Je coupe le contact. À présent je déambule dans la banlieue, par des avenues mal pavées et torrides. Des gens de couleur sont assis sur le seuil des maisons lépreuses. Tout est calme, tout flotte dans cette louche torpeur d’un après-midi brûlant. La radio continue de mouliner sa zizique débridée. Exceptés les poulardins des carrefours, la police est absente.

Pourtant ça devrait remuer. Voilà près de quarante minutes qu’on a embarqué miss Farragus.

Généralement, aux U.S.A., lorsqu’un téméraire sucre une riche héritière, le patacaisse est instantané. Je gamberge à la chose et j’en arrive à la conclusion suivante : nous avons dû opérer notre coup de main alors que les effectifs de la maisonnée étaient réduits au minimum. Si ça se trouve, il n’y avait que ces trois bonshommes à la « Résidence » au moment du rodéo ? Et peut-être nos victimes sont-elles toujours dans le sirop ? Quand le « vase » se met de la partie, tout marche admirablement, avec une veine insolente. C’est aussi tenace que la cerise, la chance, mes amis. Elle est obstinée, inventive. Lorsque le destin coopère, vous pouvez lui laisser la bride sur le cou : il vous mènera à bon port.

Je contourne la ville cahin-caha. Dès qu’on s’éloigne de la mer, la chaleur devient infernale. Ils vont périr de déshydratation, les occupants du fourgon postal. Je mâchouille mon chewing-gum avec frénésie. Rien qui donne l’air plus intelligent à un individu que de mastiquer cette ignominie. Prenez n’importe quel brillant intellectuel, cloquez-lui une tablette de caoutchouc dans le museau et aussi sec il ressemblera à un ruminant dégénéré !

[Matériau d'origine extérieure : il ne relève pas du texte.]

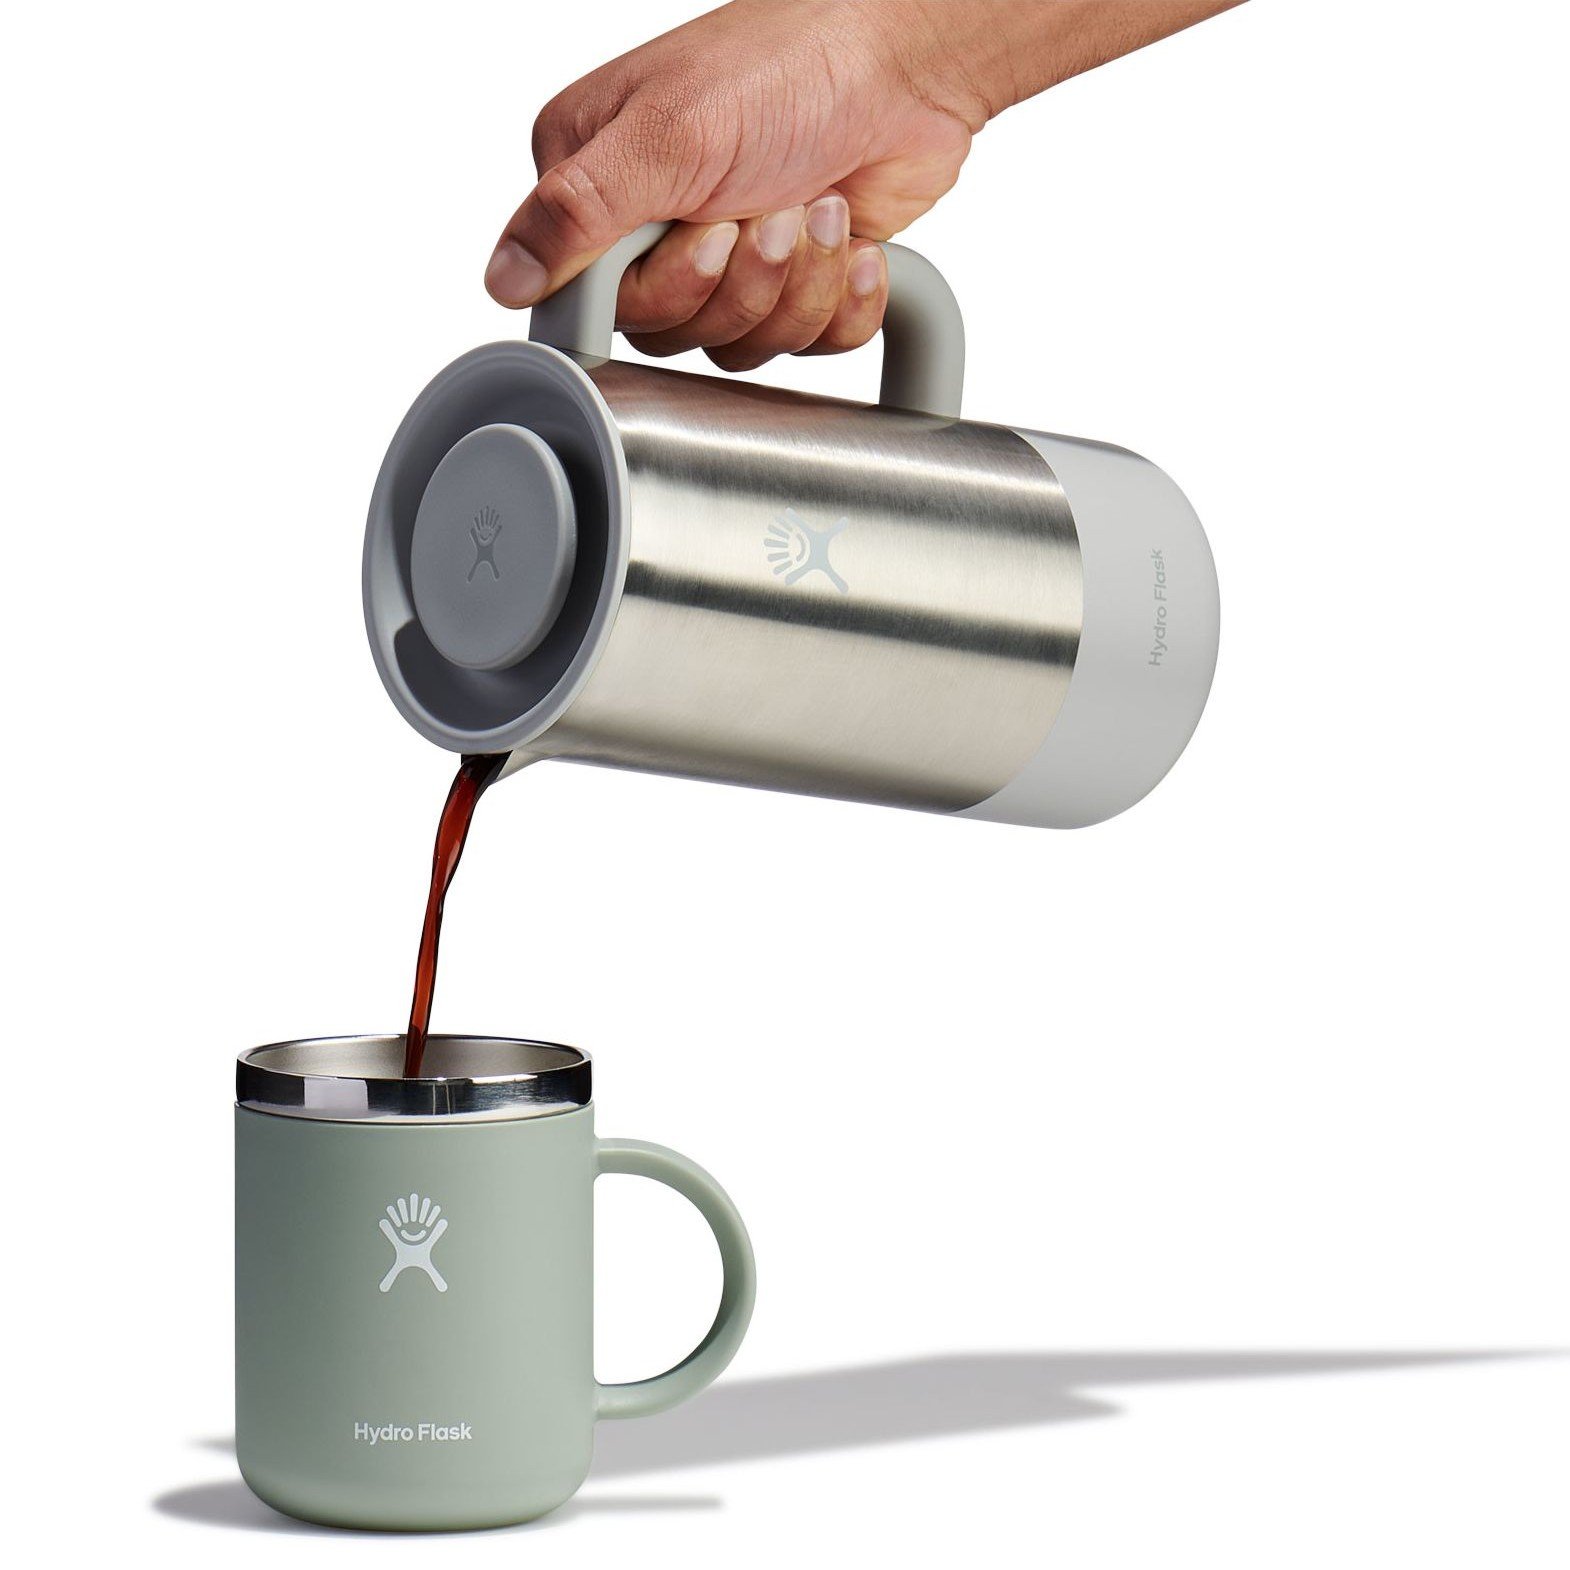 Hydro Flask French Press Coffee Maker

Pas la peine de faire des frais quand vous voulez vous déguiser en crétin, les gars. Inutile de vous forcer à loucher, de vous distordre la mâchoire, de vous fourrer des boulettes de mie dans les trous de nez ou de vous martyriser la bouille en grimaces oiseuses. Une tablette de gum et le tour (de con) est joué, je garantis !

C’t’inventerie-là, seuls les Ricains pouvaient l’assumer. Fallait un cerveau yankee, absolument, pour concevoir un truc pareil. Ils ont le génie de l’inutilité, ces mecs. Car enfin, pour inventer quèque chose qui ne sert à rien, faut des dons particuliers, non ? Je sais, y a des esportifs qui prétendront que ça décontracte de mastiquer à vide. Décontracte mes fesses, tiens donc ! Ça ne décontracte que ceux qui sont décontractés. Moi, ça m’horripile la prostate. J’enrage de boulotter pour de rire un truc pas consommable. Alors, m’objecterez-vous, pourquoi t’es-tu filé un chlorophyllicateur dans la pipe si t’as horreur, eh, pomme à l’eau ? Eh bien, pour l’excellente raison, mes infects gueux, qu’en cas d’interpellation, d’avoir la bouche pleine et remuante me permettrait de répondre par monosyllabes et de planquer mon accent français, you see ?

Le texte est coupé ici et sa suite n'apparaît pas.